### ASSIGNMENT
Each line of the data should be repeated precisely.

### SUPPLIED INFORMATION
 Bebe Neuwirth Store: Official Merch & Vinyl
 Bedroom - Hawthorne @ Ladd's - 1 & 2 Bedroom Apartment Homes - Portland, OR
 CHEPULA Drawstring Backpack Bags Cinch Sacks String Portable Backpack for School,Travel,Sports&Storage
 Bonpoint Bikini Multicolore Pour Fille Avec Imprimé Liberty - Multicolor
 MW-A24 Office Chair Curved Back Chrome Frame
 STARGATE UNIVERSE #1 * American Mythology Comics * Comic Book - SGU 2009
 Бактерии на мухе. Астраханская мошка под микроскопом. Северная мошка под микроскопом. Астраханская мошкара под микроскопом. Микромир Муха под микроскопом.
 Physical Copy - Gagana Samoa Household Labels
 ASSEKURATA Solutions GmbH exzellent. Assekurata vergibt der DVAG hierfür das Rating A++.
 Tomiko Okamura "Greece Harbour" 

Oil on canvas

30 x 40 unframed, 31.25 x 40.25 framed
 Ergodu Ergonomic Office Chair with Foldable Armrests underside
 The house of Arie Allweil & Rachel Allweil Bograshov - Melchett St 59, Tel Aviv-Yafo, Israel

### EXERCISE SOLUTION
 Bebe Neuwirth Store: Official Merch & Vinyl
 Bedroom - Hawthorne @ Ladd's - 1 & 2 Bedroom Apartment Homes - Portland, OR
 CHEPULA Drawstring Backpack Bags Cinch Sacks String Portable Backpack for School,Travel,Sports&Storage
 Bonpoint Bikini Multicolore Pour Fille Avec Imprimé Liberty - Multicolor
 MW-A24 Office Chair Curved Back Chrome Frame
 STARGATE UNIVERSE #1 * American Mythology Comics * Comic Book - SGU 2009
 Бактерии на мухе. Астраханская мошка под микроскопом. Северная мошка под микроскопом. Астраханская мошкара под микроскопом. Микромир Муха под микроскопом.
 Physical Copy - Gagana Samoa Household Labels
 ASSEKURATA Solutions GmbH exzellent. Assekurata vergibt der DVAG hierfür das Rating A++.
 Tomiko Okamura "Greece Harbour" 

Oil on canvas

30 x 40 unframed, 31.25 x 40.25 framed
 Ergodu Ergonomic Office Chair with Foldable Armrests underside
 The house of Arie Allweil & Rachel Allweil Bograshov - Melchett St 59, Tel Aviv-Yafo, Israel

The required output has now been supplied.